The BPF_TEST_RUN code in XDP live frame mode creates a new page pool
each time it is called and uses that to allocate the frames used for the
XDP run. This works well if the syscall is used with a high repetitions
number, as it allows for efficient page recycling. However, if used with
a small number of repetitions, the overhead of creating and tearing down
the page pool is significant, and can even lead to system stalls if the
syscall is called in a tight loop.

Now that we have a persistent system page pool instance, it becomes
pretty straight forward to change the test_run code to use it. The only
wrinkle is that we can no longer rely on a custom page init callback
from page_pool itself; instead, we change the test_run code to write a
random cookie value to the beginning of the page as an indicator that
the page has been initialised and can be re-used without copying the
initial data again.

The cookie is a random 128-bit value, which means the probability that
we will get accidental collisions (which would lead to recycling the
wrong page values and reading garbage) is on the order of 2^-128. This
is in the "won't happen before the heat death of the universe" range, so
this marking is safe for the intended usage.

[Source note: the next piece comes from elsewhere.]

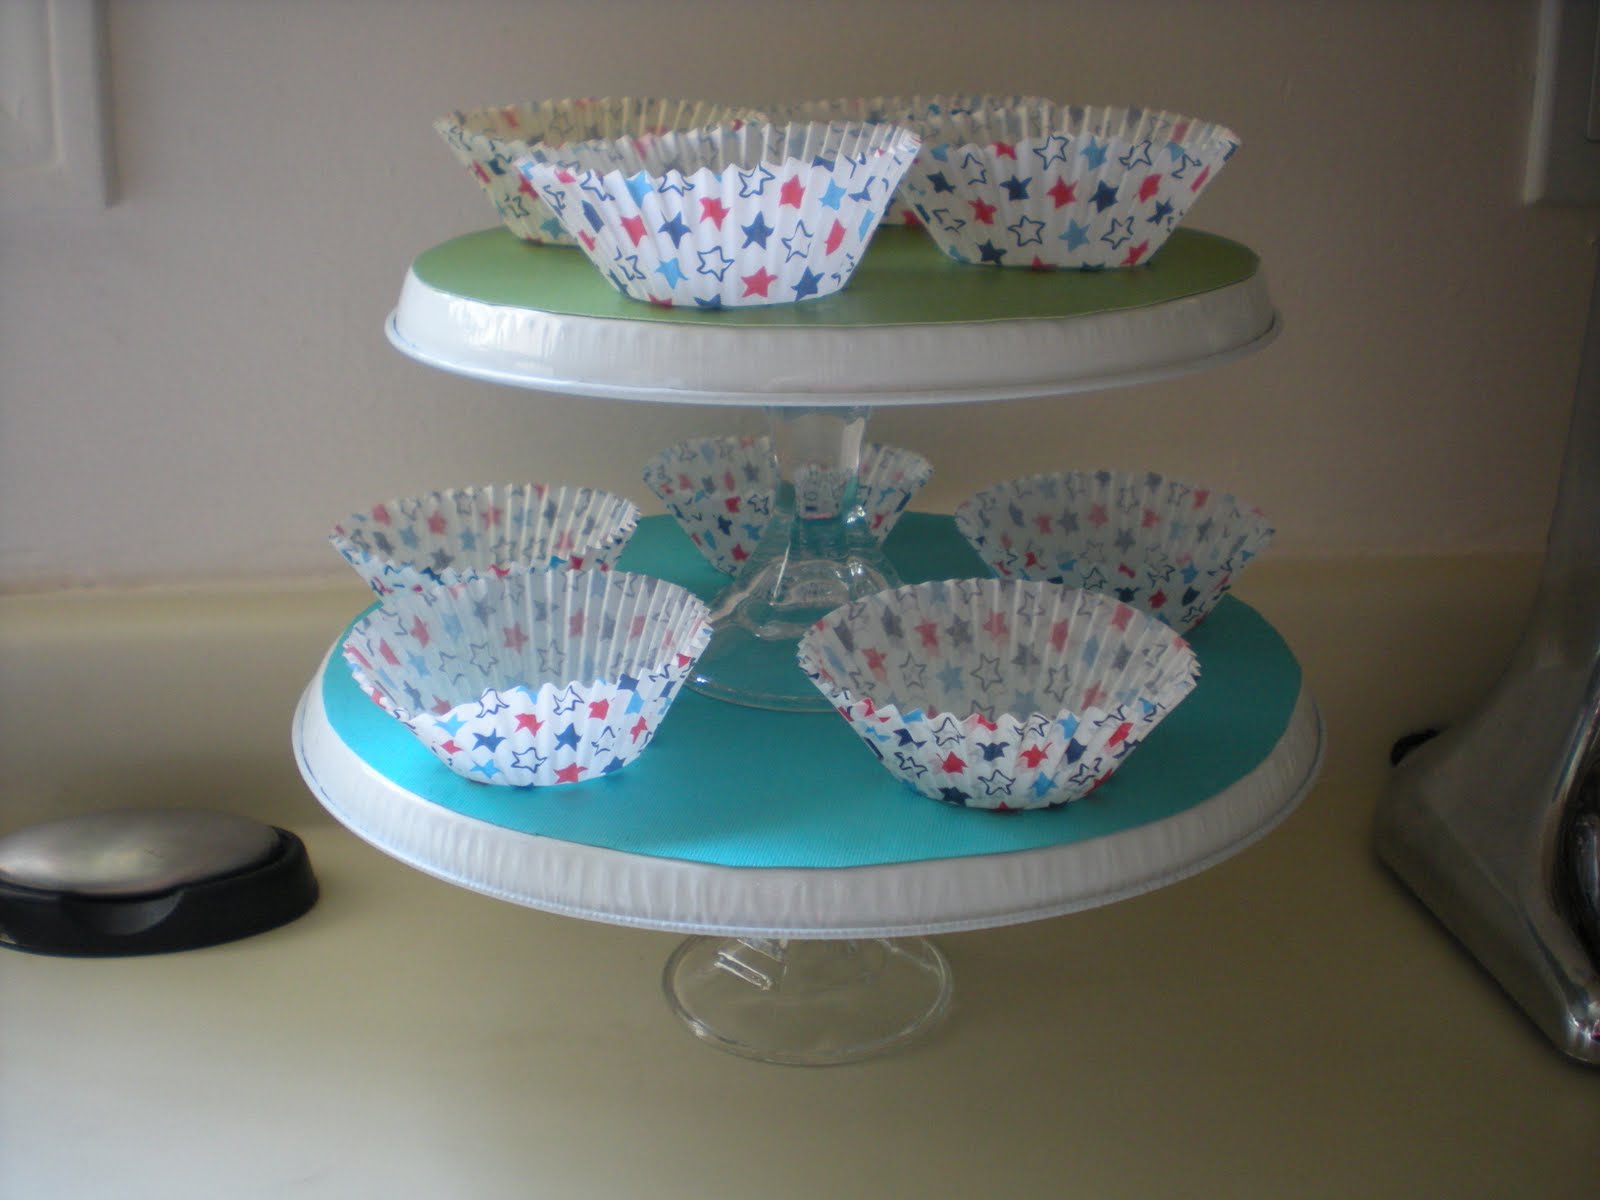 square wedding cake stands Or both stands for cupcakes, muffins, etc
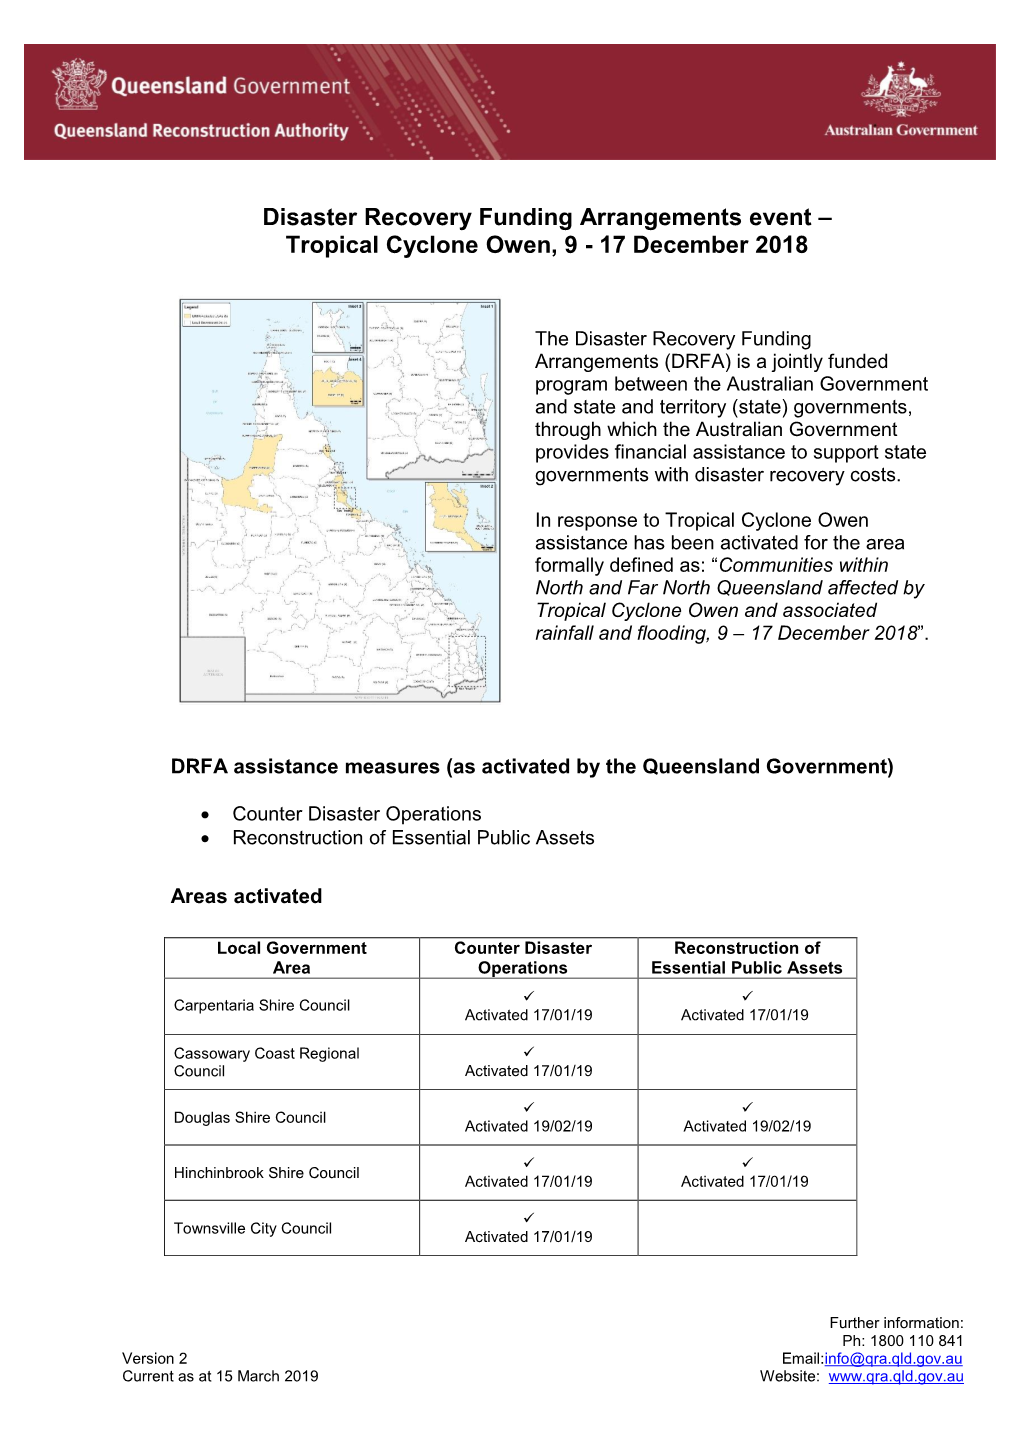 Disaster Recovery Funding Arrangements Event – Tropical Cyclone Owen, 9 - 17 December 2018

Reviewed-by: Alexander Lobakin <aleksander.lobakin@intel.com>
Tested-by: Alexander Lobakin <aleksander.lobakin@intel.com>
Signed-off-by: Toke Høiland-Jørgensen <toke@redhat.com>
---
 net/bpf/test_run.c | 139 +++++++++++++++++++++++----------------------
 1 file changed, 71 insertions(+), 68 deletions(-)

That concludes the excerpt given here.